• Setting the goal of returning Vauxhall and Opel to profit by 2020.
• Achieving an operating margin of 2% by 2020. The VW Group achieves around 4%, while PSA hit 7.3% this year. Lohscheller has then set the target of a 6% margin by 2026.
• Instigating measures to make the breakeven point for the firm 800,000 sales a year. Vauxhall and Opel sold 984,000 cars last year but recorded a loss. Its worst year was in 2013, when it sold 824,000 cars.
• Offering electrified versions of all Vauxhall and Opel cars by 2024. This will include a pure electric version of the Corsa and a plug-in hybrid version of the Grandland X.
• A pledge to “modernise” all plants with the goal of keeping them all open. It was acknowledged this might require job cuts, but the stated goal is to make them voluntarily.
• Launching all new Vauxhall and Opel models on PSA’s CMP and EMP2 platforms, including the next, all-new Corsa in 2019. This will reduce the number of platforms in use from nine to two. Powertrain families will reduce from 10 to four.Vauxhalls will also use PSA engines and powertrains.

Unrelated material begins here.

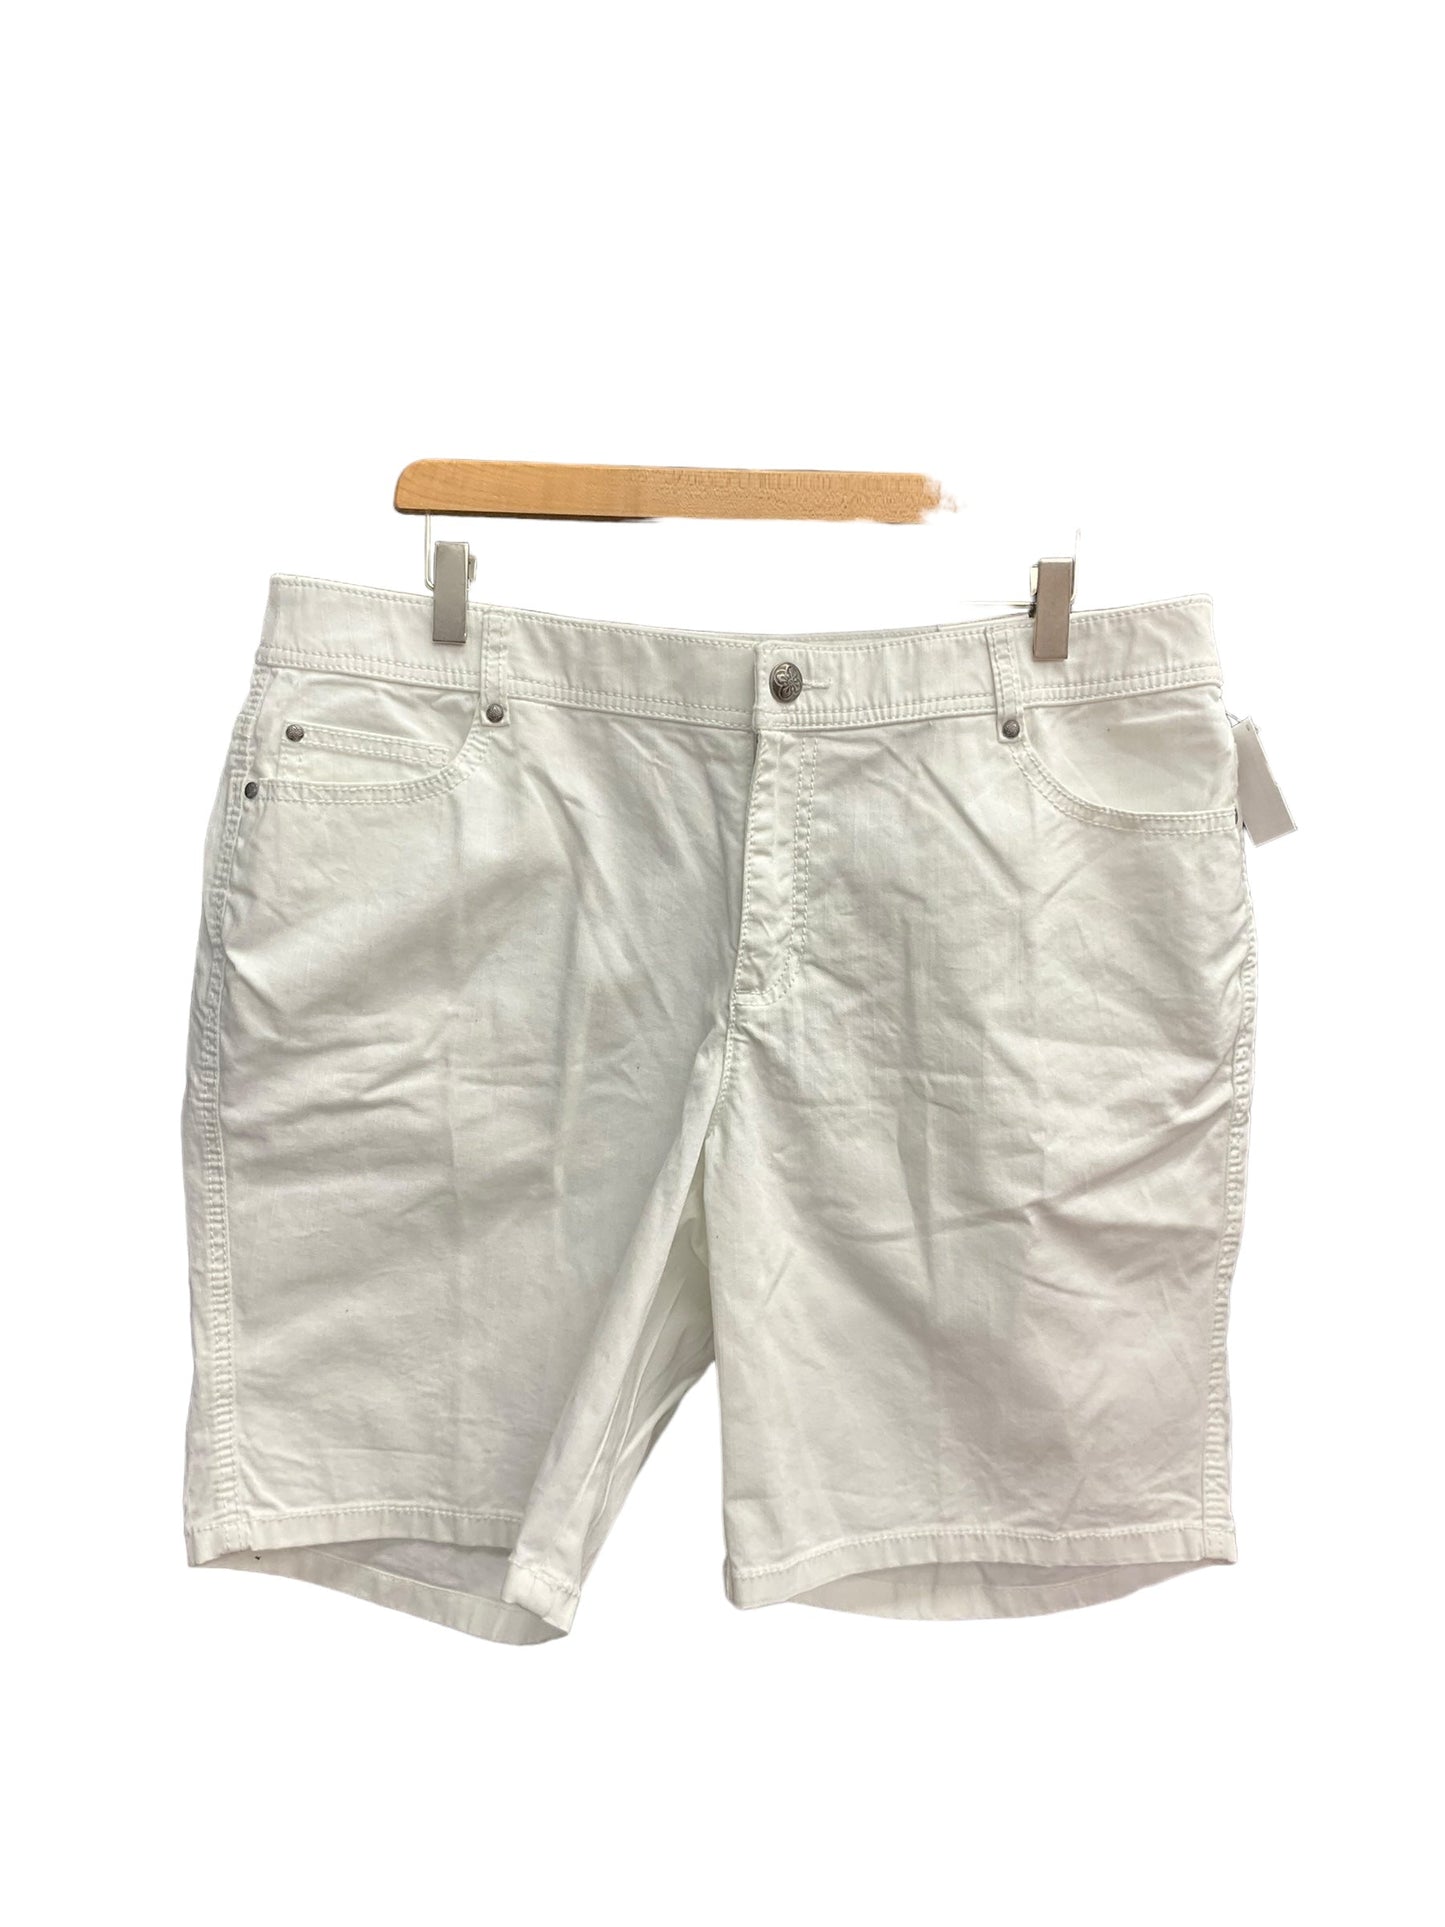 White Shorts Cj Banks, Size 18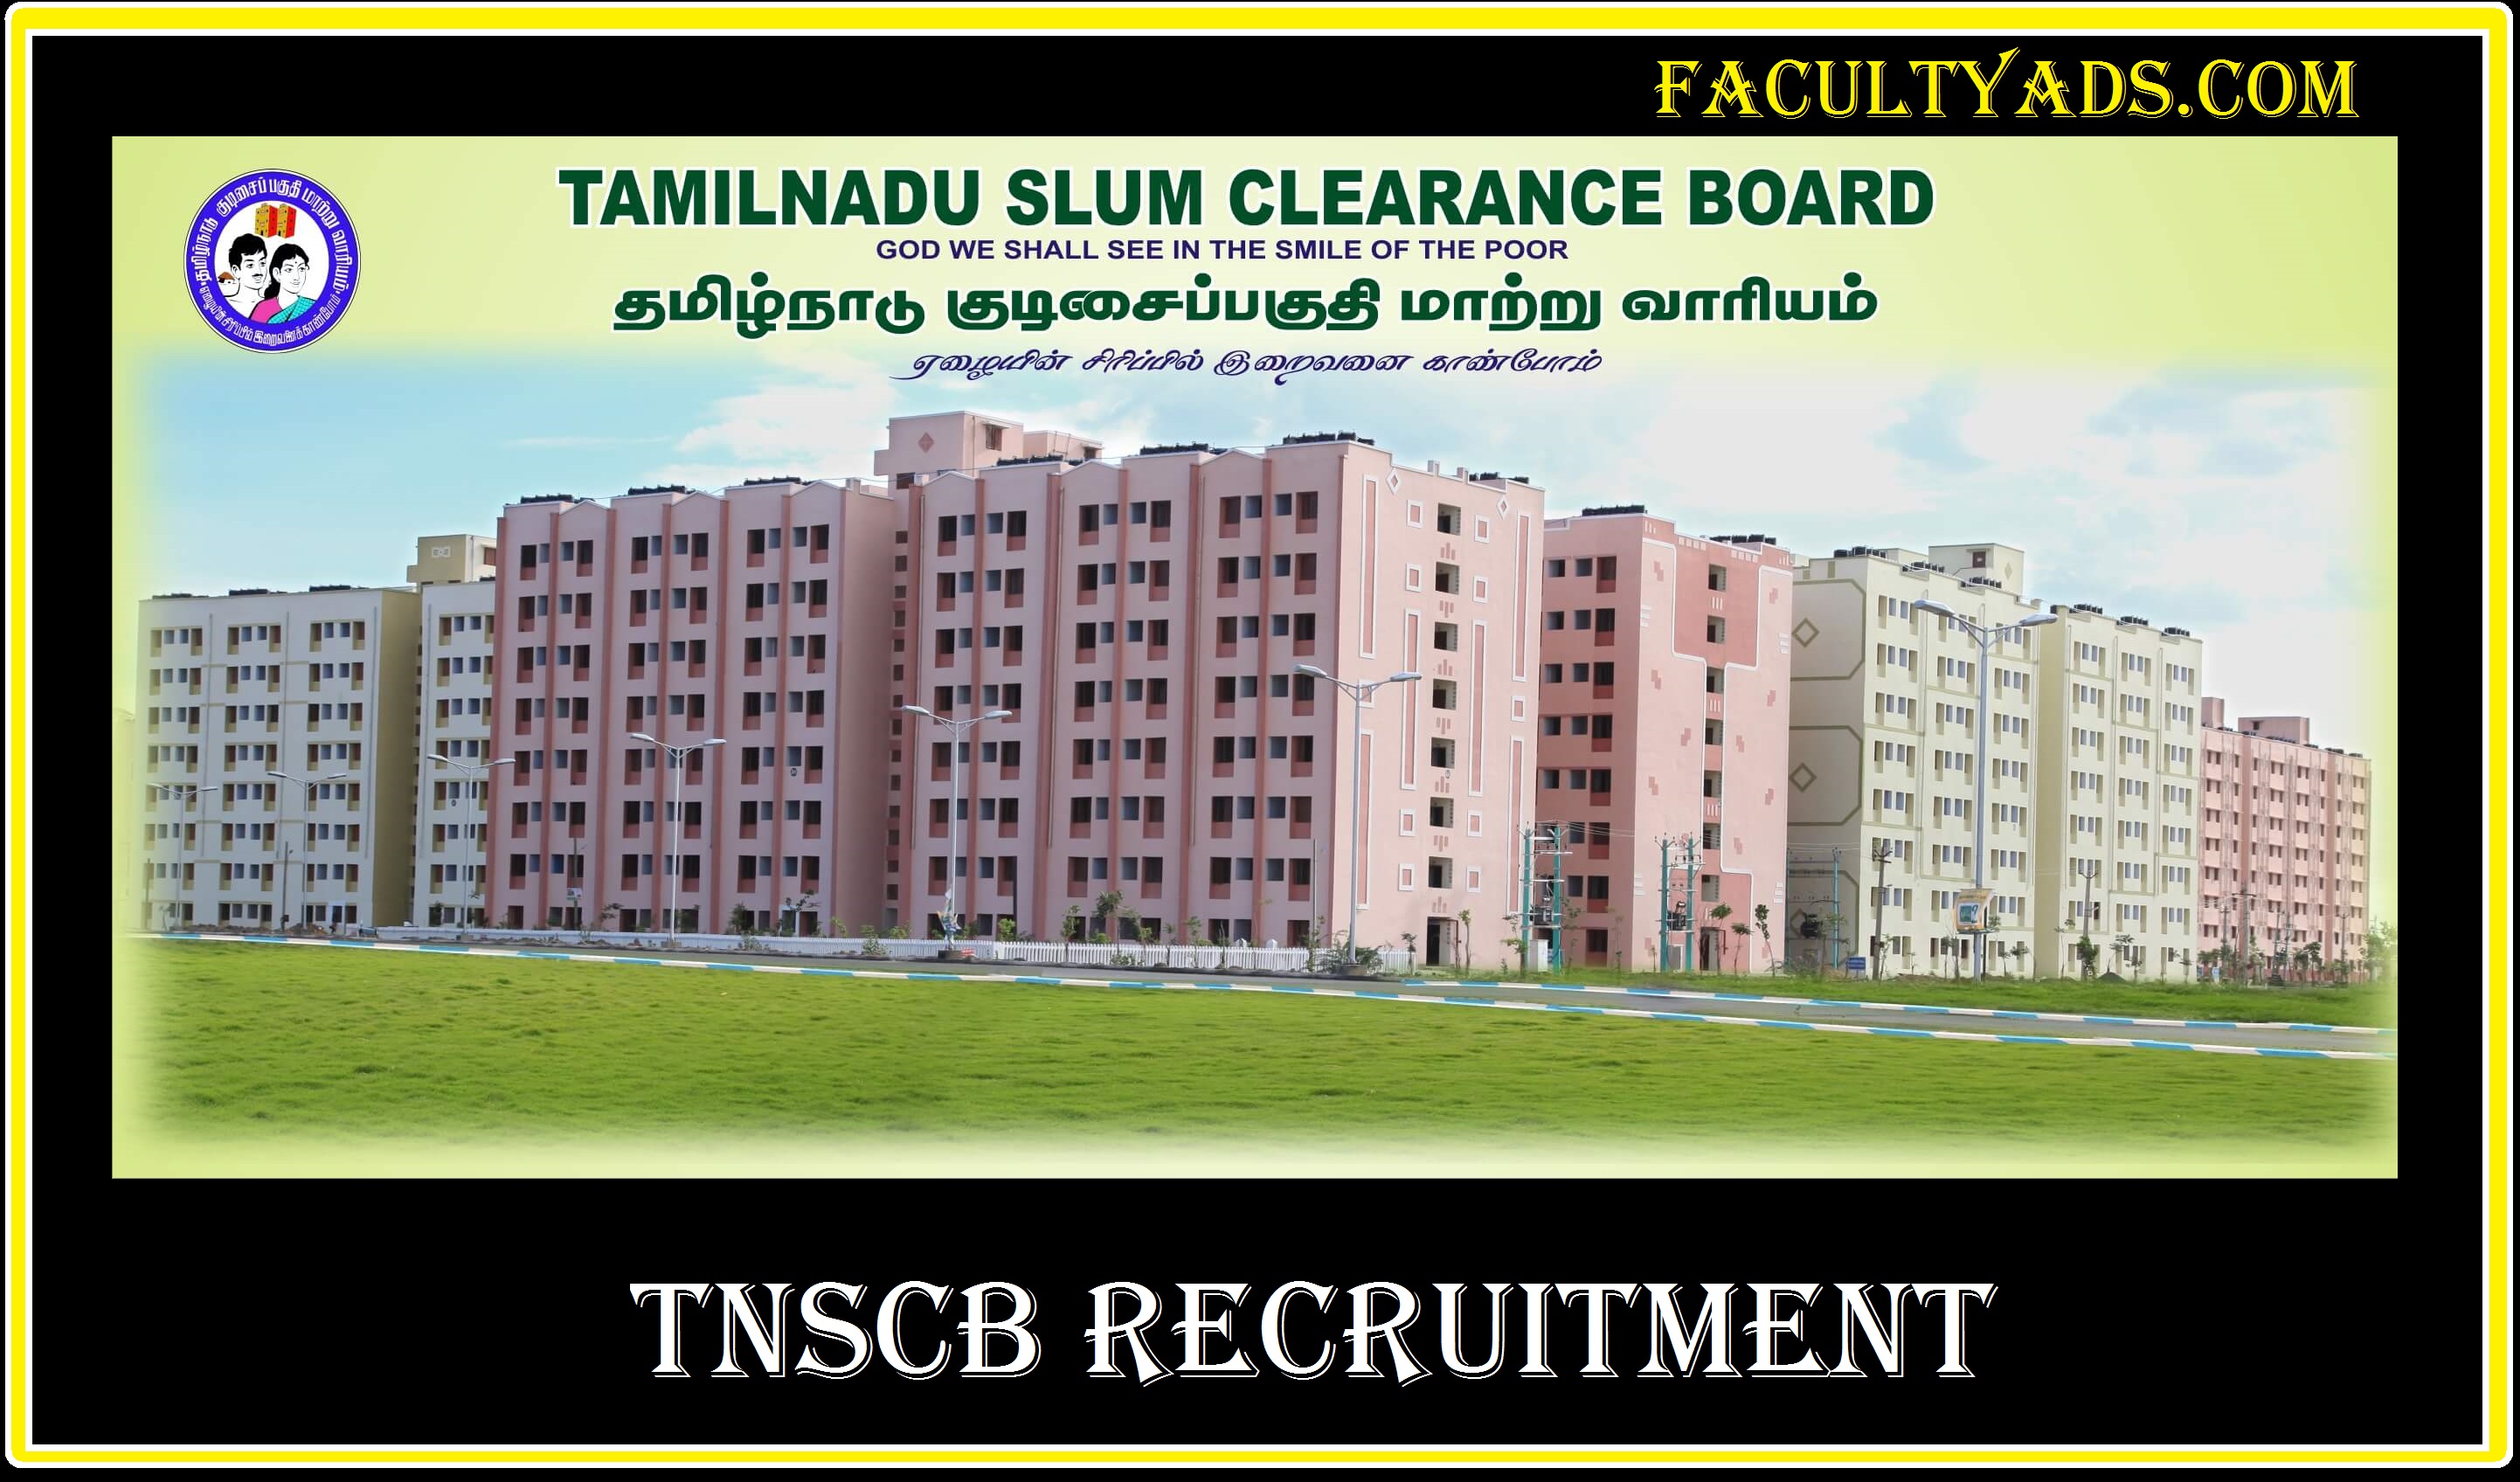 TNSCB Recruitment 2019

All vehicles will be engineered at Opel’s plant in Rüsselsheim.
• A pledge to launch one new major new model per year; counting bodystyles, nine new models will be launched by 2020. This will start with a new Combo in 2018 and a new Corsa in 2019.
• Opel will enter more than 20 new export markets by 2022, including China and the Middle East.
In order to achieve these goals, Lohscheller set the target of saving €1.1 billion (£970 million) by 2020 through synergies between the PSA Group and Vauxhall and Opel by 2020 and €1.7 billion (£1.5bn) by 2026. Lohscheller has set Vauxhall and Opel the target of reducing the costs of manufacturing each car it makes by €700 (£618) by 2020.
While Lohscheller pledged to try to keep factories open, he acknowledged that the need to improve competitiveness meant that model line production would move as Vauxhall and Opel plants were kitted to build PSA-platformed vehicles.
While there was no specific reference to the UK’s Ellesmere and Luton plants, the future of which have been in the spotlight in the wake of the Brexit vote, the Vauxhall and Opel statement read: “The plan is designed with the clear intention to maintain all plants and refrain from forced redundancies in Europe.
“The necessary and sustainable reduction of labour costs shall be reached with thoughtful measures such as innovative working time concepts, voluntary programs or early retirement schemes.”
It was confirmed that an EMP2-based SUV would be built at the Eisenach plant from 2019 and an an EMP2-based D-segment vehicle at Rüsselsheim in the future.
“This plan is paramount for the company, to protect our employees against headwinds and turn Opel and Vauxhall into a sustainable, profitable, electrified, and global company,” said Lohscheller. “Our future will be secured and we will contribute with German excellence to the Groupe PSA development. The implementation has already started with all teams eager to achieve the objectives.”
Carlos Tavares, PSA Group CEO, on the Vauxhall and Opel turnaround plan:
“To be here 100 days exactly after the closing of the deal, with the Opel management presenting the plan is a clear sign of rigour and professionalism - and we need both those things, plus discipline, to implement this very strong plan.
“This plan is not a gimmick. It is robust, honest and built by the Opel employees for the Opel employees. But creating the plan is 5% of the work. We have 95% of the work in the implementation ahead of us.
“If look at this company over past 15 years it is a fact it did not prepare for future. It was not on track to meet European CO2 requirements, for instance. We also have to recognise - in an honest and peaceful way - that this company has lost more than $10 billion in cumulative losses, cut more than 30,000 jobs and lost three points of market share in Europe in that time. This is a fact.
“It is where we start from. It is of course a dramatic situation and, taking into fact the headwinds in Europe, this means the situation is getting worse day by day. This means we have an opportunity to rescue this company and bring a solution to the Opel employees. It is fair to say that over the last 15 years, looking at the results, we have not given them a solution.
“It is my belief that the unpopular leaders of today will be the heroes of tomorrow. Managing a car company, taking all the right decisions to deliver recurring profit, is not an easy task, but it is a rewarding one. There will be decisions people don’t like but which work. The goal is that we can hand over a company to the next generation of leaders that works and that has the ability to invest in its own future."